The girls managed to make a snowgirl before it was washed away.  I didn't have the heart to tell them what a real, Northeast Ohio winter was like when I was growing up.  This will probably be it for their snow memories this year.  Sigh.  Mais ou sont les neiges d'antan?
I am immensely pleased with this picture.  As soon as she saw it snowing Monday, Tertia donned her jacket and raced outside to taste the snowflakes.  It's such a gift, having a child's heart always.  This came home to me this week, as we had to sign a permission slip for her to watch the PG-13 movie "The Outsiders" with her Lit class after reading the book.  She's really growing up, becoming a young lady, in so many ways.  We were worried the movie might be too intense for her, but she said she watched the whole thing: "I was a brave princess."  A brave princess who knows one must rush outside to taste the snowflakes when they first start falling.
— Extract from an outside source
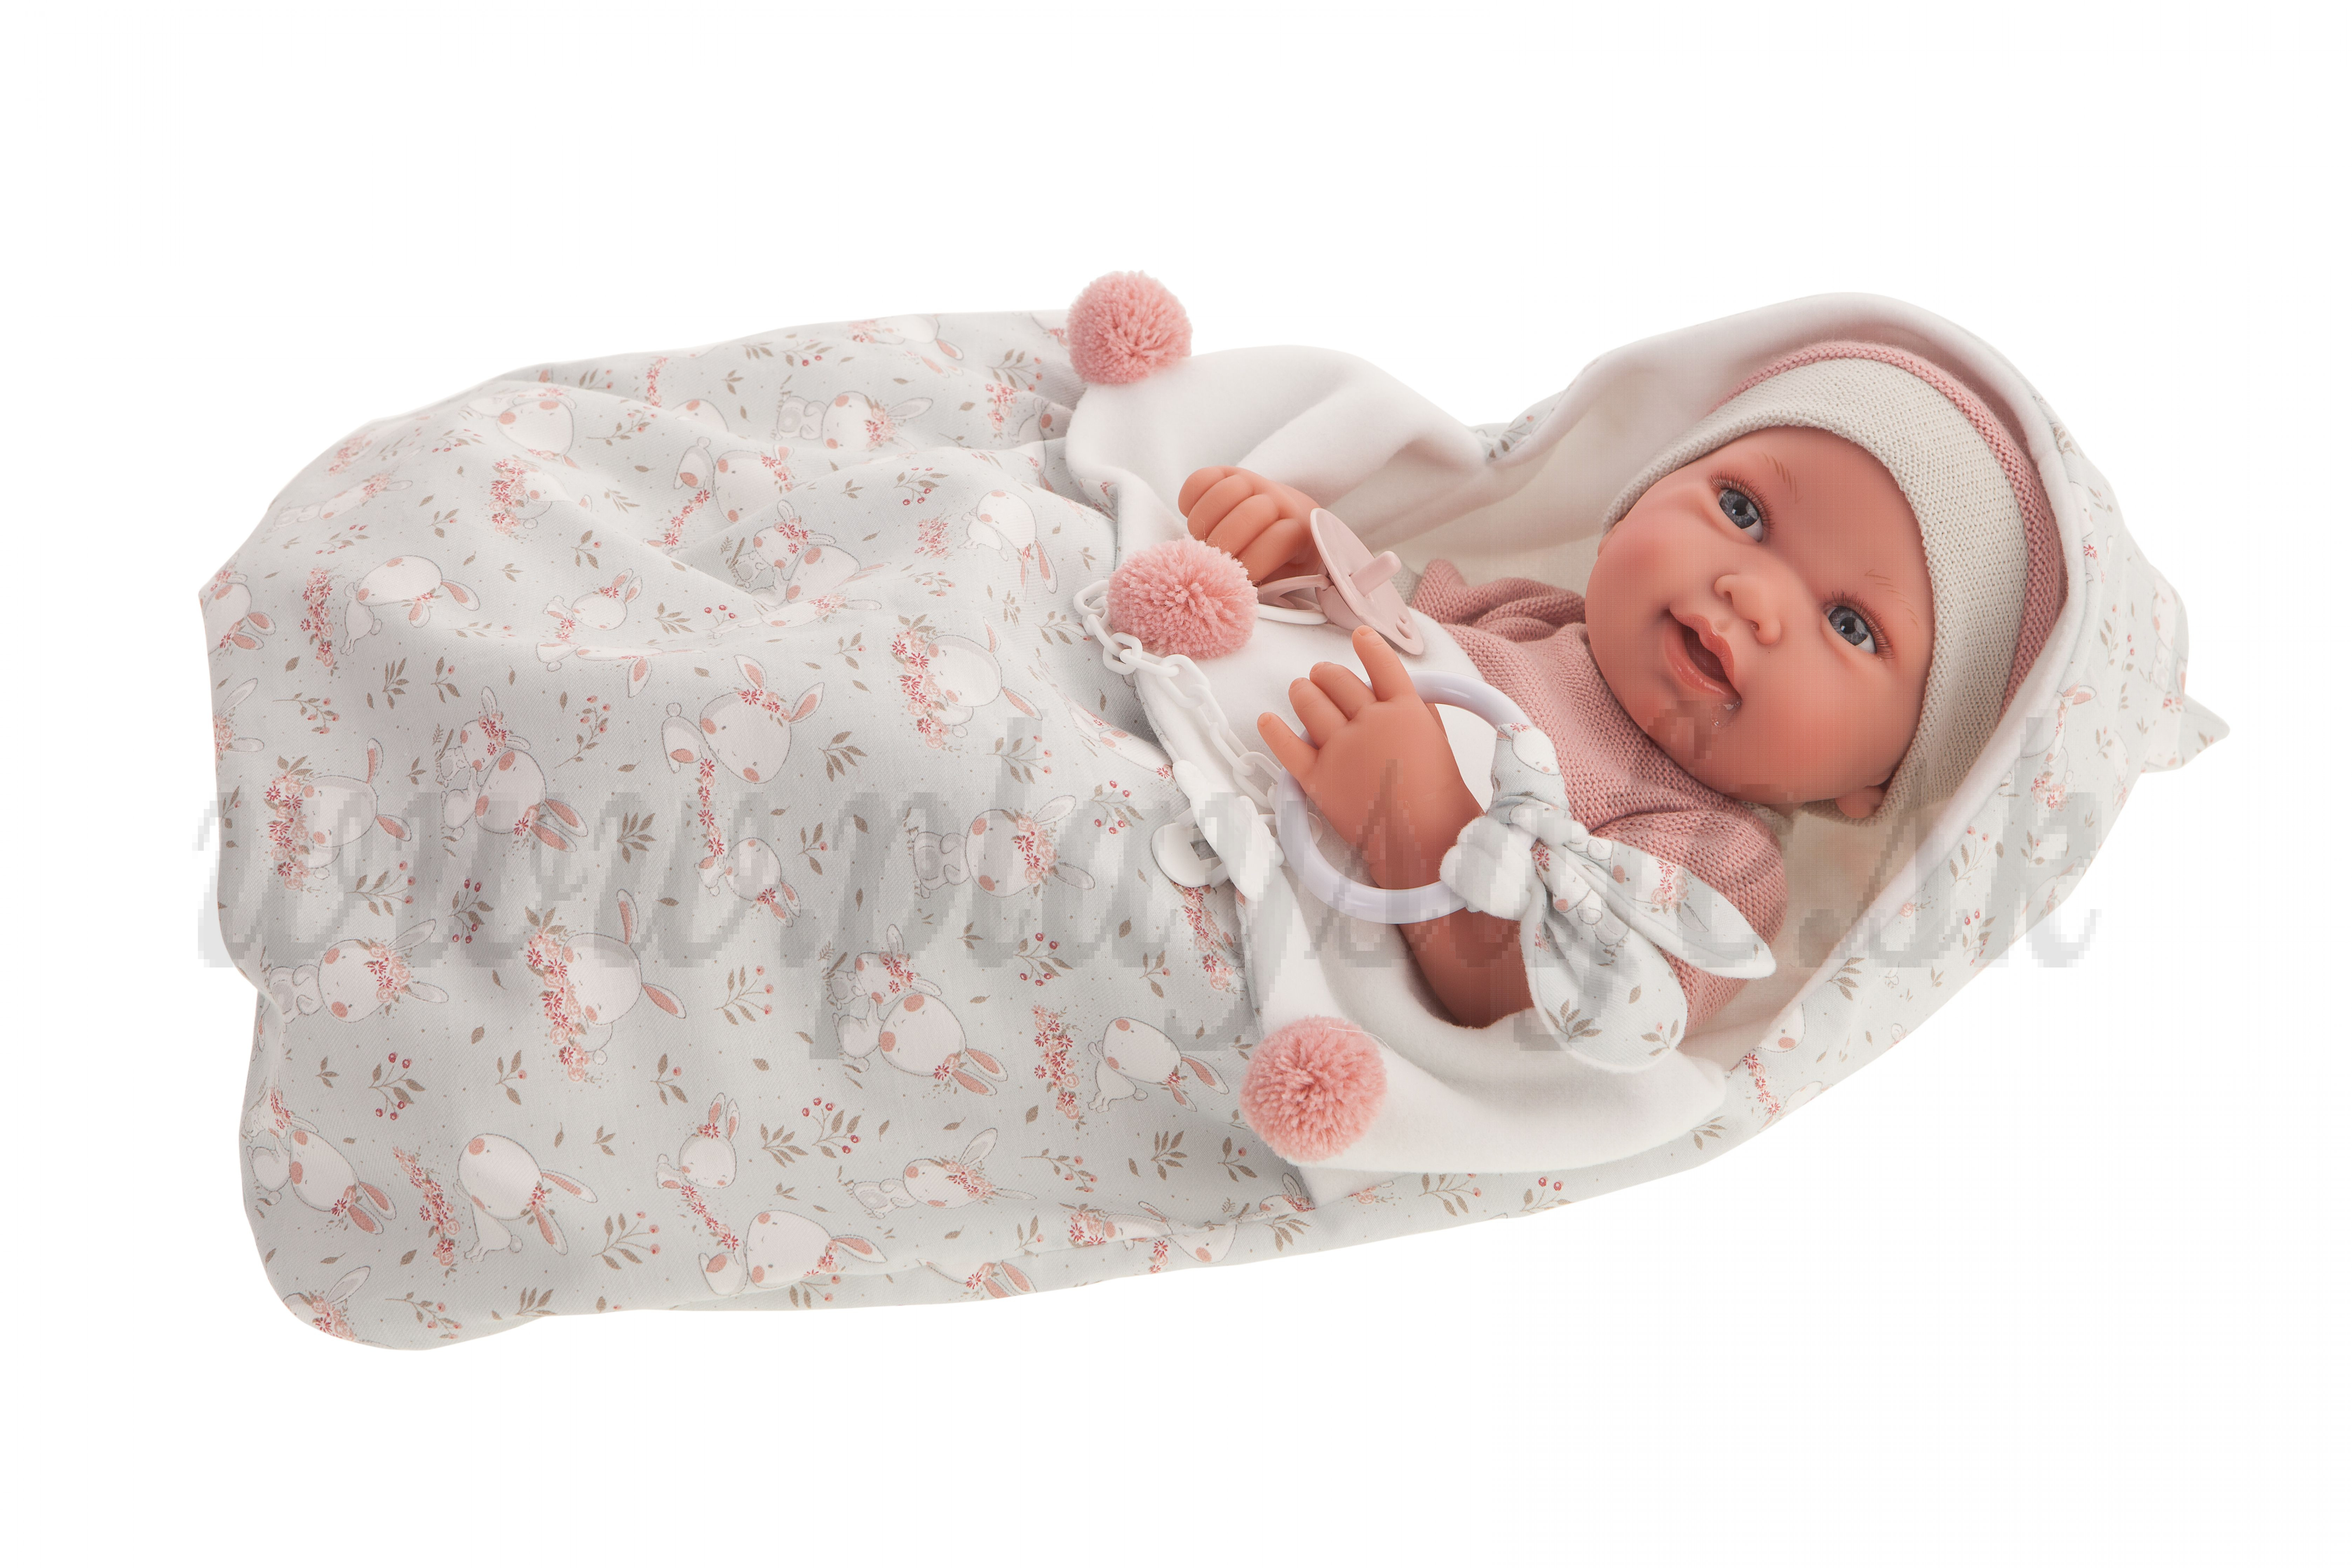 Antonio Juan Pipa Baby Doll, 42cm in sleeping bag

Thursday, February 24, 2011

Sturm und Drang

This is the shawl known as Damson, made in lovely MadelineTosh Merino Light in the "thunderstorm" colorway.  The yarn and pattern were a gift in a Christmas exchange among my knitting circle.  The knitting of it was more frustrating than a simple pattern like that really had the right to be.  I cast on New Year's Day but ripped back at least 3 times before really getting started at the end of January... and then there was the little adventure of running out of yarn for the last 5 rows.  I had to substitute some of my homespun in a similar value but with a thick-and-thin texture, so the border edging is not going to lie perfectly flat.

But then, I got rid of my perfectionism years ago or I would no longer be doing handwork at all.

Snow day today.  Yes, that's just 2 or 3 inches of snow and the roads were fine, but that's how things go here.  It makes a  nice background for my photo shoot.

Despite what you might think would be optimal conditions for knitting, I have done none yesterday or today.  Quilting either.  Yesterday I blocked the shawl and did some cooking: Mexican lasagna for dinner last night with plum cobbler for dessert.  Tonight it will be Gumbo Zeb from the freezer, with hot sausage.